Solid and Historical Set
Being the first date of the European tour of 1979, this show is one of the earliest Frippertronics recordings available. Not the first show, not even the first show of 1979 (there were a few performances in Montreal and the UK in April), but still very early on. For that reason this set is absolutely worth picking up, as the style Fripp adopts here would change quite soon as the month of May progresses. This show features more ambient washes and drones, with fewer of the bleeps and blips that seem to dominate the albums God Save the Queen/Under Heavy Manners and Let the Power Fall.
It's also worth picking up to hear Robert's playing overtop of the loops, although this is only possible because the recording is sourced from a bootleg made by an audience member. Being able to hear the sounds of the room do allow the listener to sort of get a grasp for how the loops are sometimes constructed; in Music For Theatres and Solo III, you can hear a point during Robert's soloing where he rapidly and repeatedly clicks on a foot pedal, switching the output of his guitar and Frippelboard back and forth, going from the amplifier on stage to the tape machines that allow him to create his loops. This appears to be at least one method used to create the various bleeps and blips.

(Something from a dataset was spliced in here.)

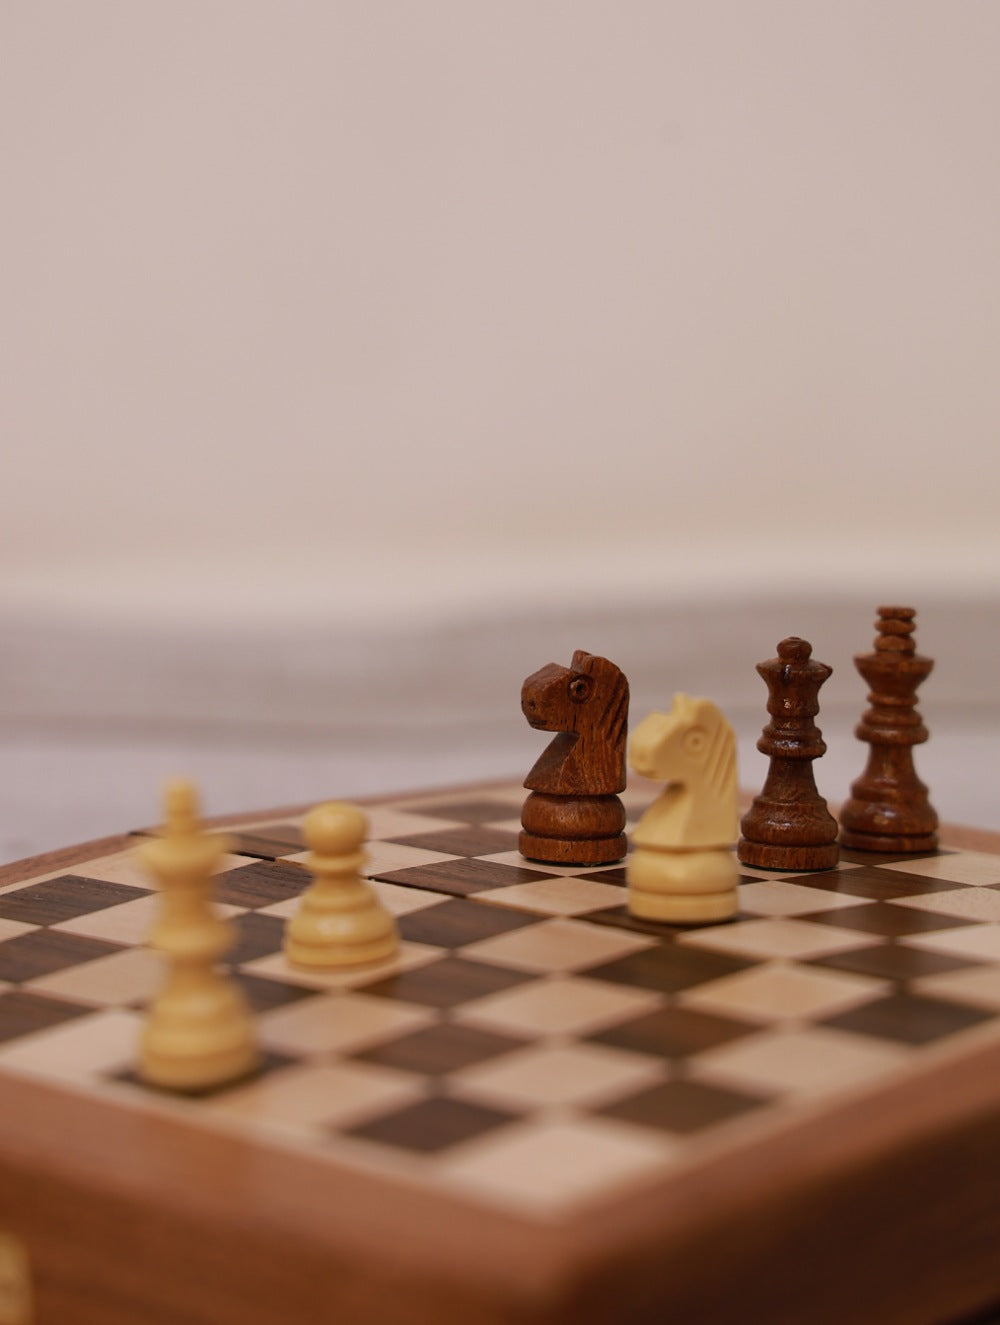 Load image into Gallery viewer, Handcrafted Wooden Travel Chess Set 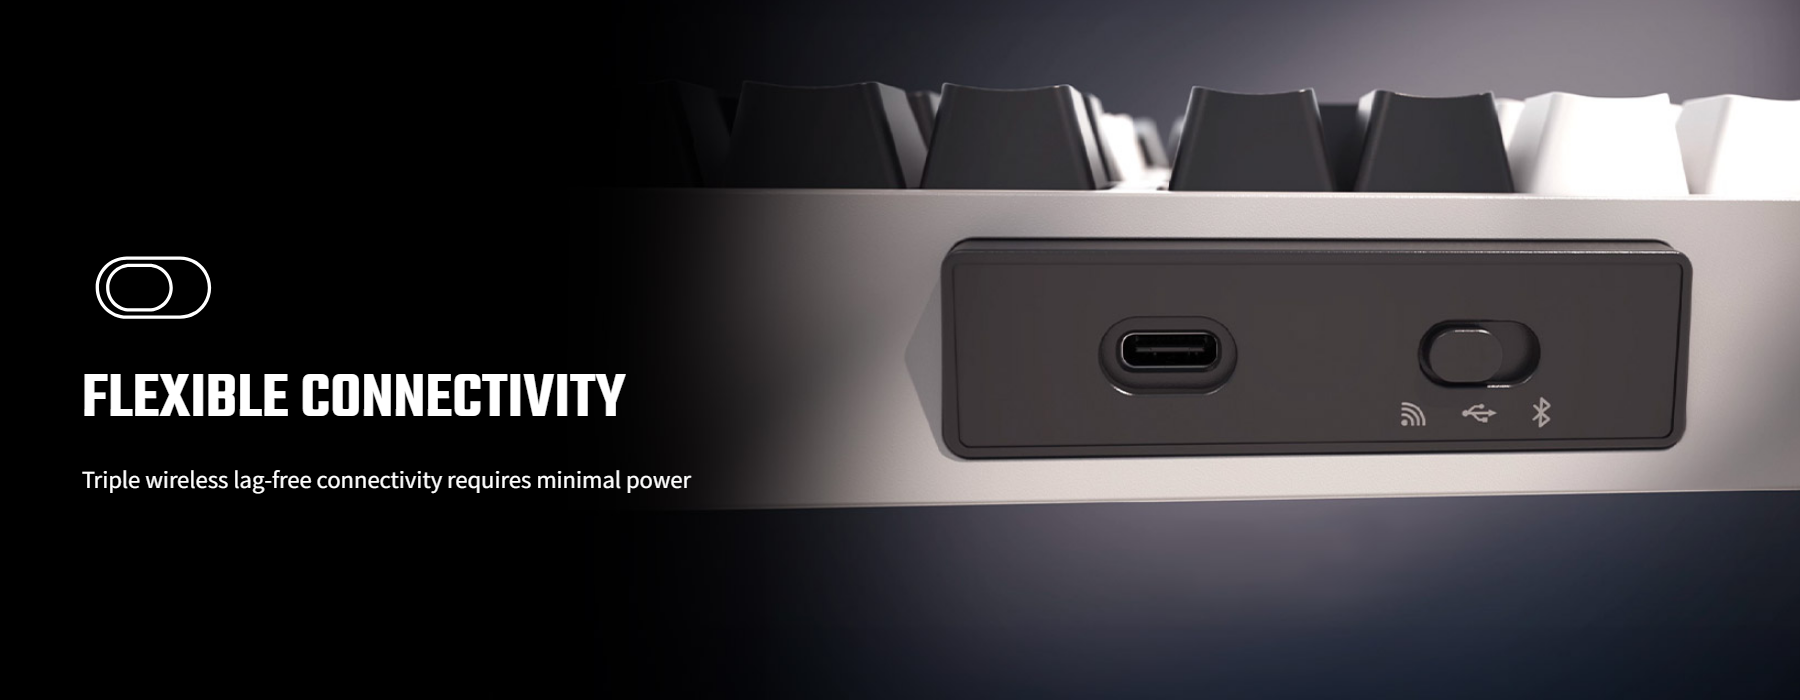 A large marketing image providing additional information about the product Cooler Master MK770 Space Grey Hybrid Wireless Keyboard - Kailh Box V2 White Switch - Additional alt info not provided

All in all I can't say it's a particularly special or unique show because of the content. Most of the loops are built around ideas Robert would revisit in later performances with a little more experience under his belt. For that, as well as the quality of the recording, I wouldn't recommend this to somebody completely unfamiliar with Frippertronics (actually for that person I would recommend finding a copy of Let the Power Fall, or perhaps GSTQ/UHM although that one has not been released on CD as of the time of writing). However, if you have heard both of the Frippertronics albums or have heard a few of the other shows on this tour or others (or maybe the albums *and* some other shows), I can safely say this one is still worth picking up for historical reasons especially. This style of Frippertronics would very quickly evolve from the ambient washes and drones to the later heavy reliance on beeps (not that either one is inherently better than the other). Alternatively, save your money and pick up the entire 1979 tour.